MuSHRoom: Multi-Sensor Hybrid Room Dataset for Joint 3D Reconstruction and Novel View Synthesis

Xuqian Ren , Wenjia Wang , Dingding Cai , Tuuli Tuominen, Juho Kannala, Esa Rahtu

Metaverse technologies demand accurate, real-time, and immersive modeling on consumer-grade hardware for both non-human perception (e.g., drone/robot/autonomous car navigation) and immersive technologies like AR/VR, requiring both structural accuracy and photorealism. However, there exists a knowledge gap in how to apply geometric reconstruction and photorealism modeling (novel view synthesis) in a unified framework. To address this gap and promote the development of robust and immersive modeling and rendering with consumer-grade devices, we propose a real-world Multi-Sensor Hybrid Room Dataset (MuSHRoom). Our dataset presents exciting challenges and requires state-of-the-art methods to be cost-effective, robust to noisy data and devices, and can jointly learn 3D reconstruction and novel view synthesis instead of treating them as separate tasks, making them ideal for real-world applications. We benchmark several famous pipelines on our dataset for joint 3D mesh reconstruction and novel view synthesis. Our dataset and benchmark show great potential in promoting the improvements for fusing 3D reconstruction and high-quality rendering in a robust and computationally efficient end-to-end fashion.
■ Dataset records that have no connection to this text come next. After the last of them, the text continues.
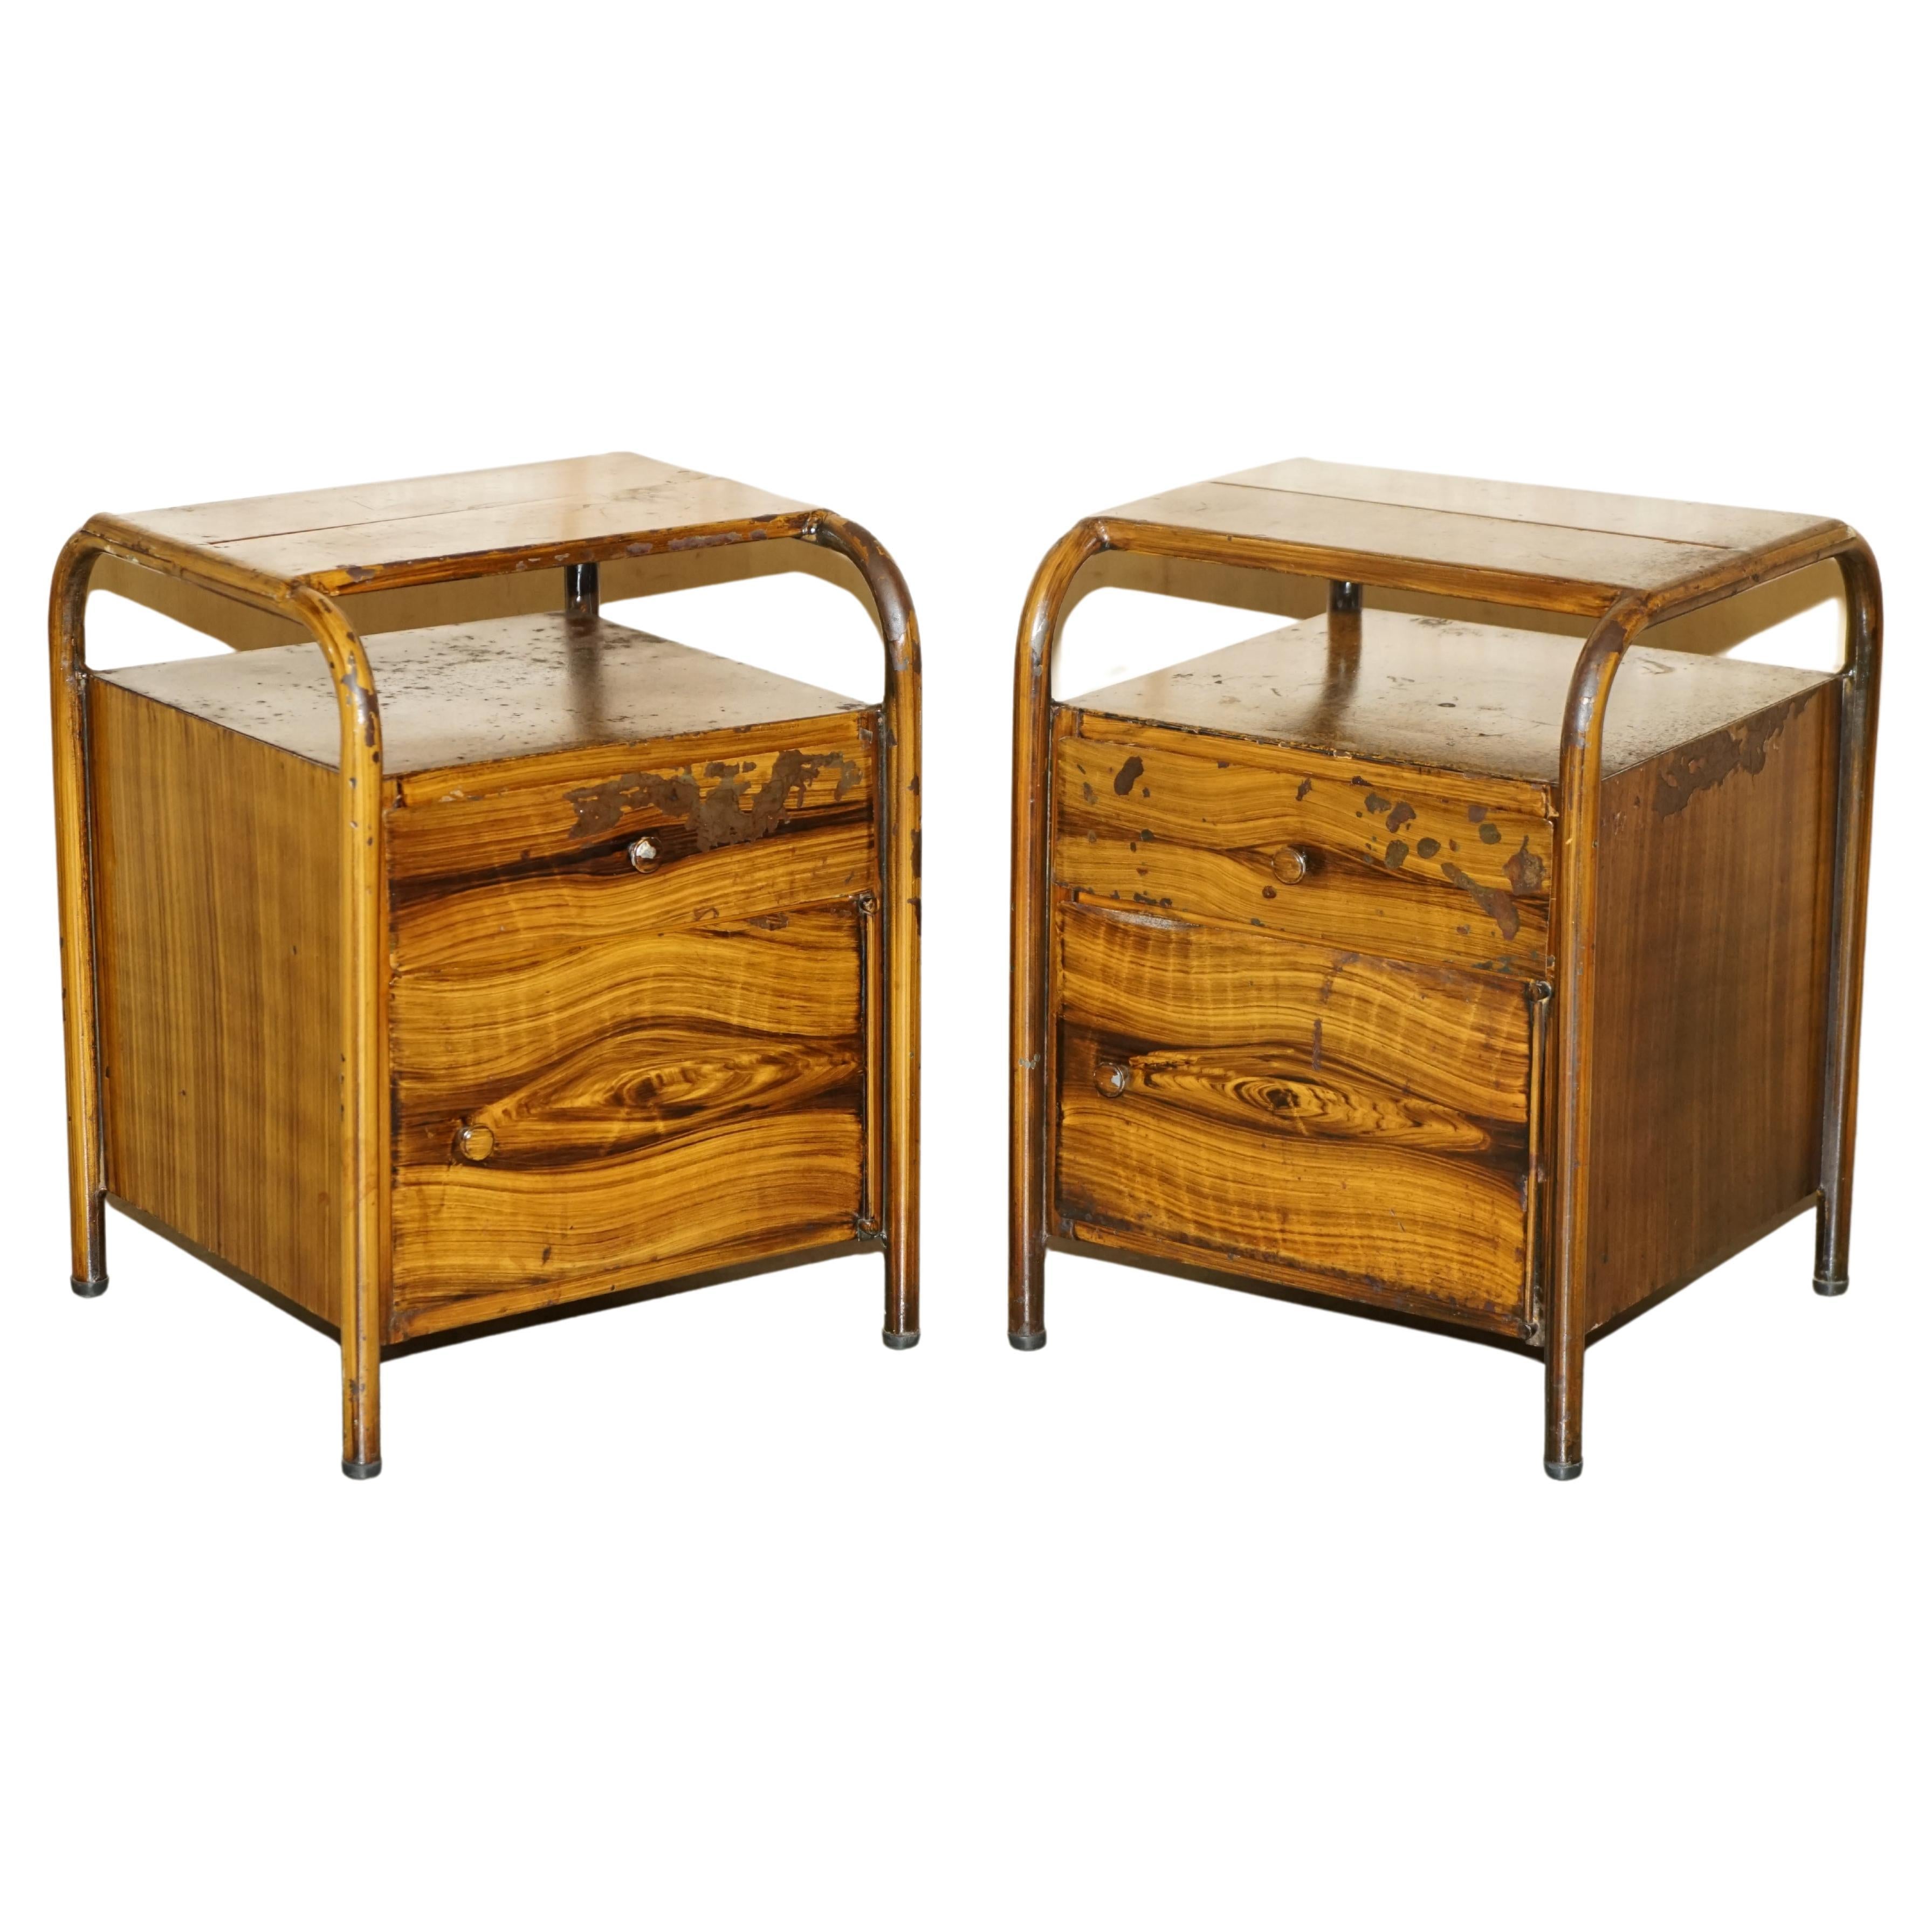 Pair of Antique Art Deco circa 1920 Metal Medical Bedside Tables Hand Painted For Sale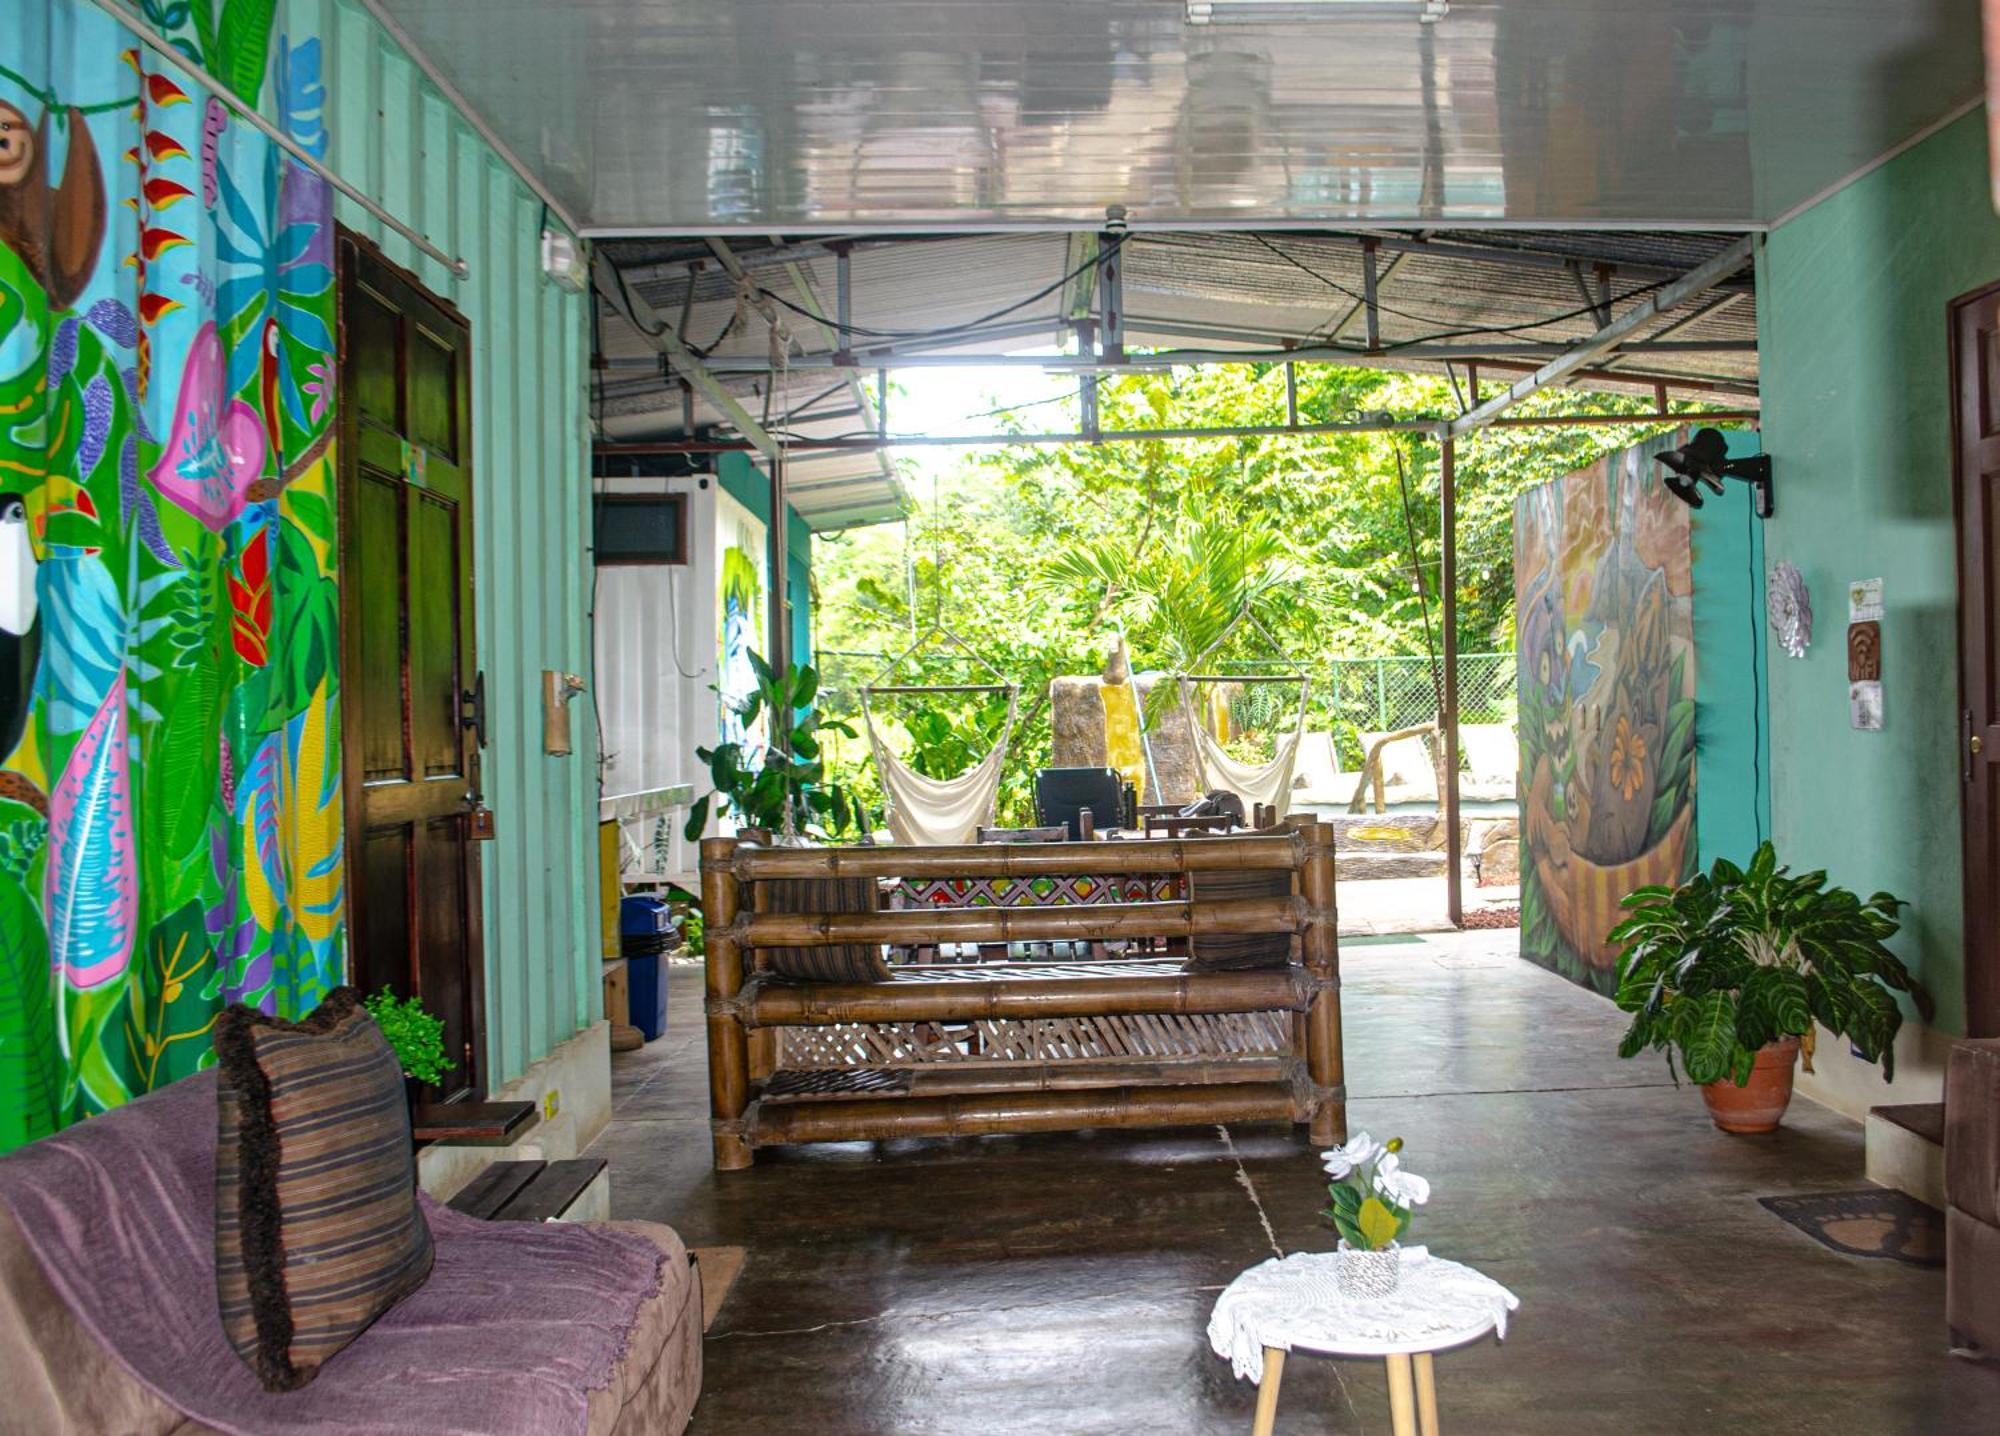 The Jungle Container Bed & Breakfast เกโปส ภายนอก รูปภาพ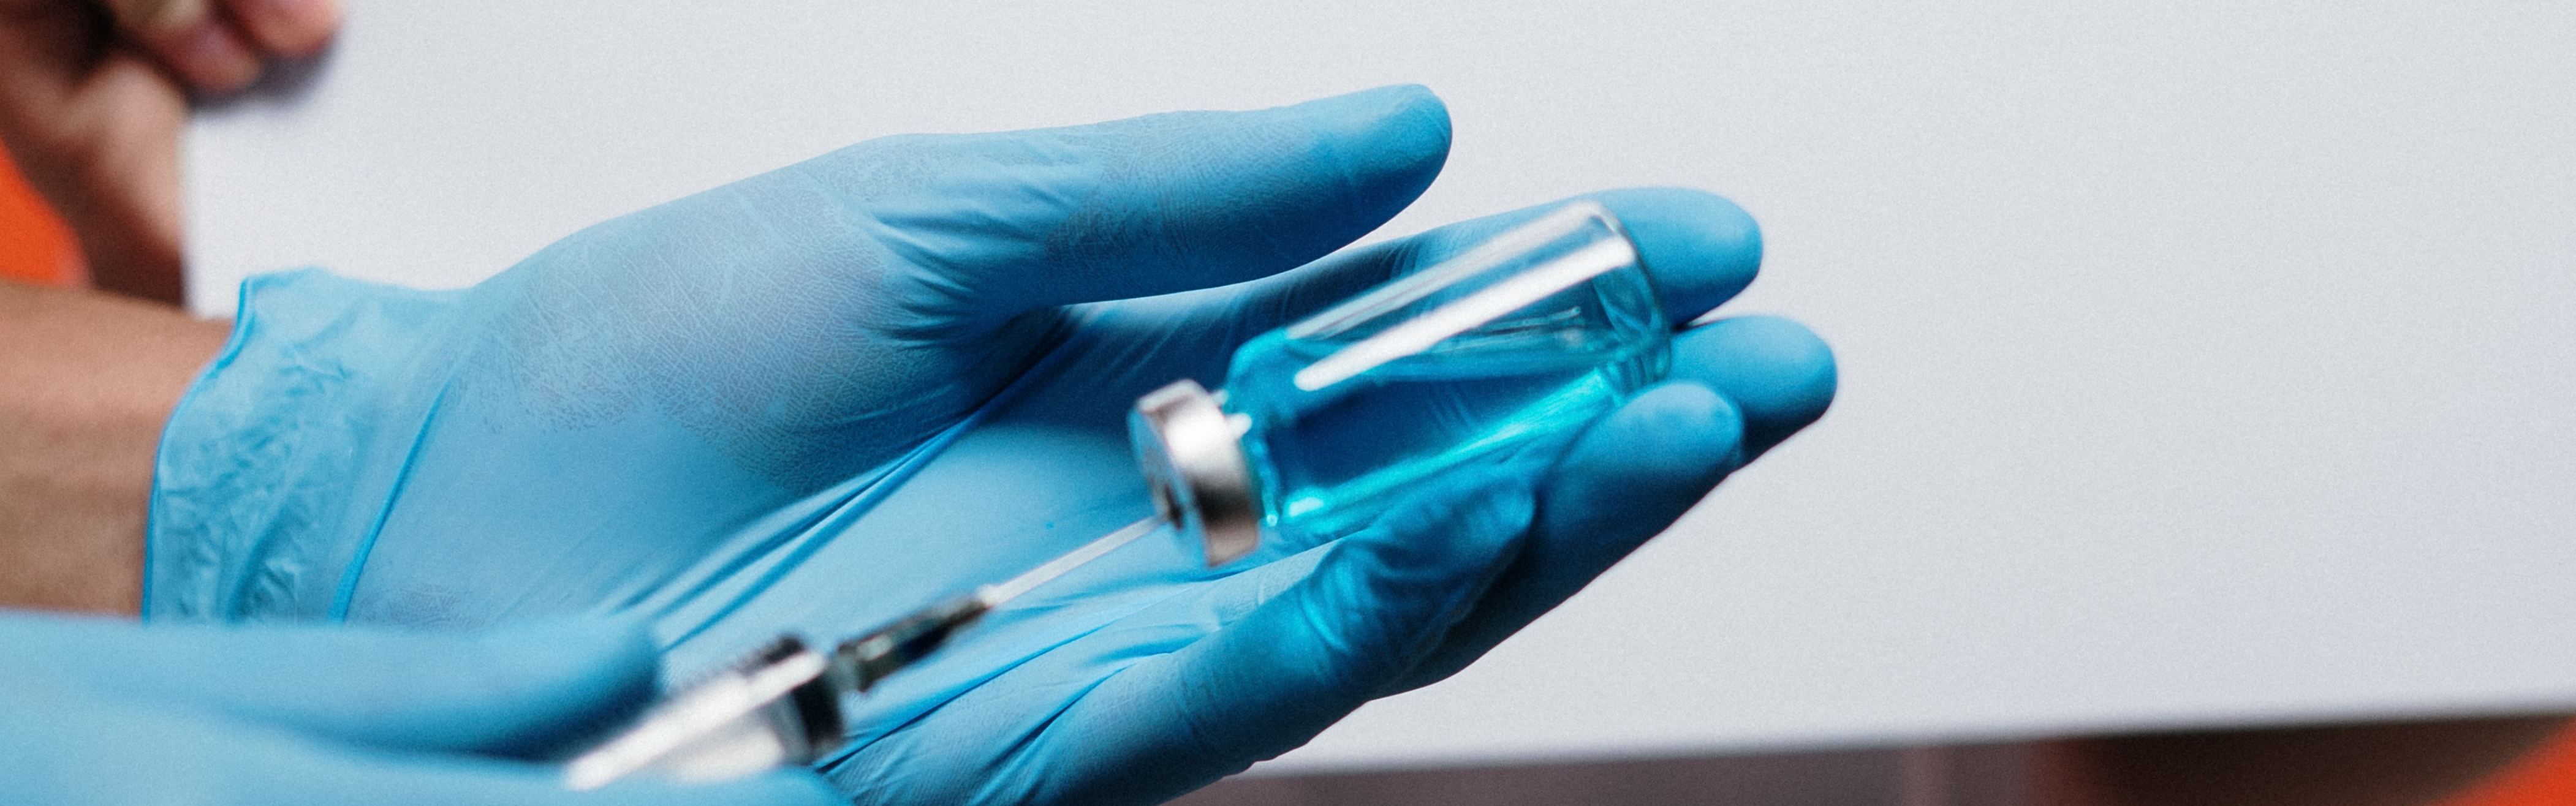 Person’s hands with blue gloves prepare vaccination with a syringe and small bottle.

The dataset and code are available at the project website: https://xuqianren.github.io/publications/MuSHRoom/.

Updates

[x] 📣 For easy use, we update MuSHRoom iPhone sequence with COLMAP format pose and point cloud in zenodo [2024-03-14]
[x] 📣 Updates results with only COLMAP pose [2024-03-14]
[x] 📣 Dataset process scripts have been released [2023-11-19]
[x] 📣 Release Kinect and iPhone Dataset. [2023-11-28]
[x] 📣 Release mesh evaluation script [2023-11-26]
[x] 📣 Release our method. [2023-11-26]
[x] 📣 Release mesh. [2023-11-29]

Attribution

If you use this data, please cite the original paper presenting it:

@misc{ren2023mushroom,
      title={MuSHRoom: Multi-Sensor Hybrid Room Dataset for Joint 3D Reconstruction and Novel View Synthesis}, 
      author={Xuqian Ren and Wenjia Wang and Dingding Cai and Tuuli Tuominen and Juho Kannala and Esa Rahtu},
      year={2023},
      eprint={2311.02778},
      archivePrefix={arXiv},
      primaryClass={cs.CV}
}

Downloading the data

The data files are available for download on Zenodo and can be downloaded on a per dataset basis from there.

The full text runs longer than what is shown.